Comment l'assassinat de George Floyd bouscule la Silicon Valley
01 juil. 2020
5min
Autrice, consultante et conférencière sur le futur du travail, spécialiste de la productivité, de l’âge et du travail des femmes
Plus d’un mois après la mort de George Floyd, un Afro-Américain tué par un policier à Minneapolis le 25 mai dernier, l’onde de choc de la dénonciation du racisme touche toutes les dimensions de la vie en société et tous les secteurs, y compris les entreprises tech de la Silicon Valley, où l’absence de diversité est critique.Les débats sur la diversité et les manières de transformer le recrutement et le management pour permettre une meilleure inclusion des femmes et des personnes issues des minorités ethniques ne sont pas nouveaux dans le contexte américain, et particulièrement dans la Silicon Valley où les talents sont peu représentatifs de la population dans son ensemble (peu de femmes, peu d’Afro-Américains).
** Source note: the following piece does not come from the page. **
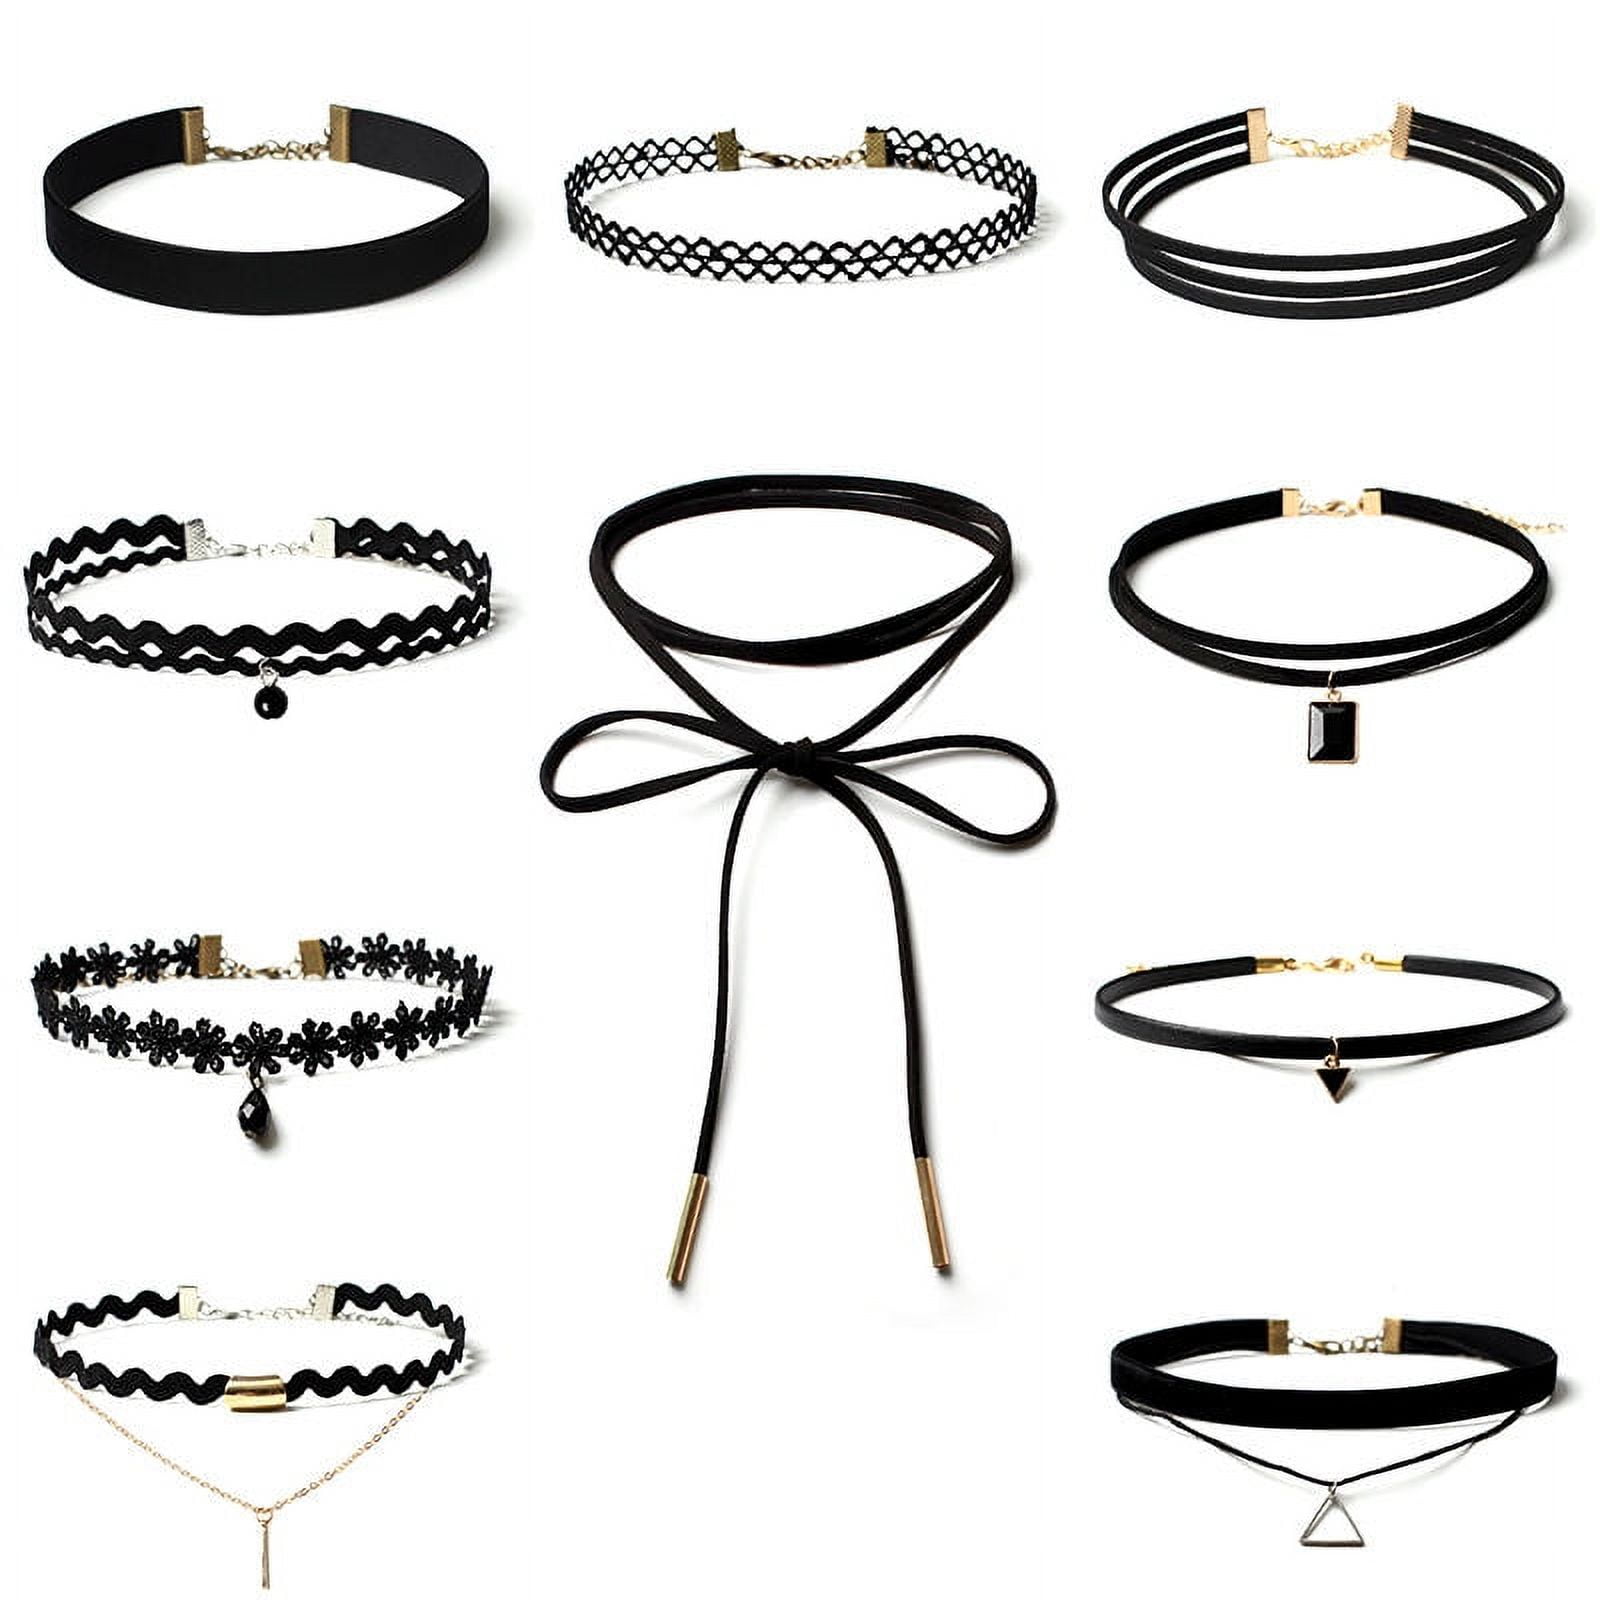 Trasfit 10 Pieces Lace Choker Necklace for Women Girls, Black Classic  Velvet Stretch Punk Gothic Tattoo

Mais cette année, les entreprises tech se sentent obligées de rendre des comptes comme jamais auparavant, dans un contexte politique de retour de bâton. Accusées par certain.e.s de nourrir un « capitalisme de surveillance » prédateur, les géants du numérique comme Facebook ou Google, sont aussi attaqués pour leur responsabilité dans la virulence des mouvements de « suprémacisme blanc » qui ont joué un rôle dans l’élection de Donald Trump. En cette année électorale américaine, les dirigeant.e.s du monde de la tech ne peuvent pas se permettre de rester muet.e.s ni de se contenter de simples paroles.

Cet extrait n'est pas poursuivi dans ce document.